OK, the patterns are NEC modelled, their construction is not quite the same as domestic FM halos, but the patterns will be the same.
Yep good site that one, have to look at the eggbeater for another application. However there're all well made with proper matching tuning unlike the ilk of domestic ones.
I can see how that came about its much simpler to mount fulfils the request for an "FM" aerial and its cheap...
Never did get on with that 4nec2 prog. We usually use NEC4WIN95VM which is now old and unsupported but is very quick to use then if needed for Ofcom approval transfer the file to NEC WIN Pro..
It's unlikely that the matching accuracy will affect the polar diagram, although the lack of a balun will skew things a bit. I think the original concept of the folded dipole format was to help increase the bandwidth (due to its chunkiness) and to increase the feed impedance (which would be a lot lower than the (say) 300 ohms of a straight folded dipole. My halo (bought around 30 years ago) is really intended for 300 twin feeder - and the instructions are very vague about attaching coax. I've never really used it in anger.
I have to admit that I've never really tried to use these programs myself.
But are we agreed that the halo is probably not quite as useless as others would have us think?
Yes well think of the Balun as a matching component. The BBC back in the day they did some experiments and found that the unbalanced part of the usual domestic aerial connection made the feeder cable part of the aerial with undesirable results..
It does . We use a pretty standard Jaybeam 7051 folded dipole and have used them in multicoupler arrangements to run paging Tx's at 153 MHz and RX on the lower part of band 3 at around 180 odd as well as the more usual 165 MHz odd channels on the same aerial !..
;!..
Don't unless you have to, theres quite a learning curve;!.

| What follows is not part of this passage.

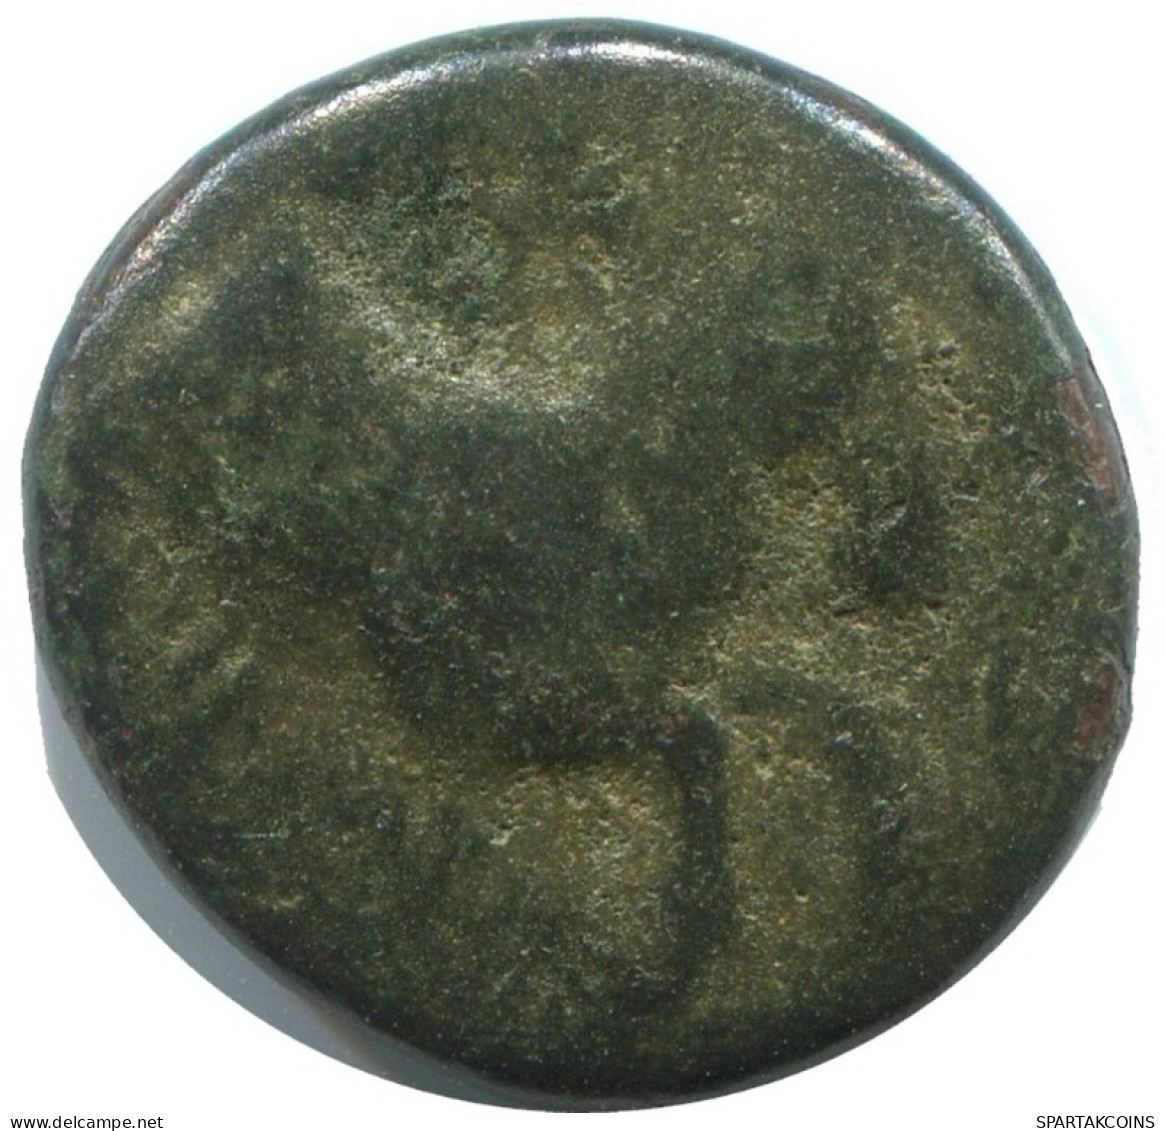 AIOLIS KYME HORSE SKYPHOS Antike GRIECHISCHE Münze 3.8g/16mm #AG042.12.D.A - Griechische Münzen

They are needed when planning TX aerial installations where the surrounding metal work can impinge on the radiated field. I did one once it all looked quite simple but there was a 16 dB pattern variation over a 360 deg plot!..
Well any old bit of wire acts as an aerial .. but some bit's of wire work better than others;)..
Which reminds me of an odd problem with a cheap car radio I fitted to my caravan.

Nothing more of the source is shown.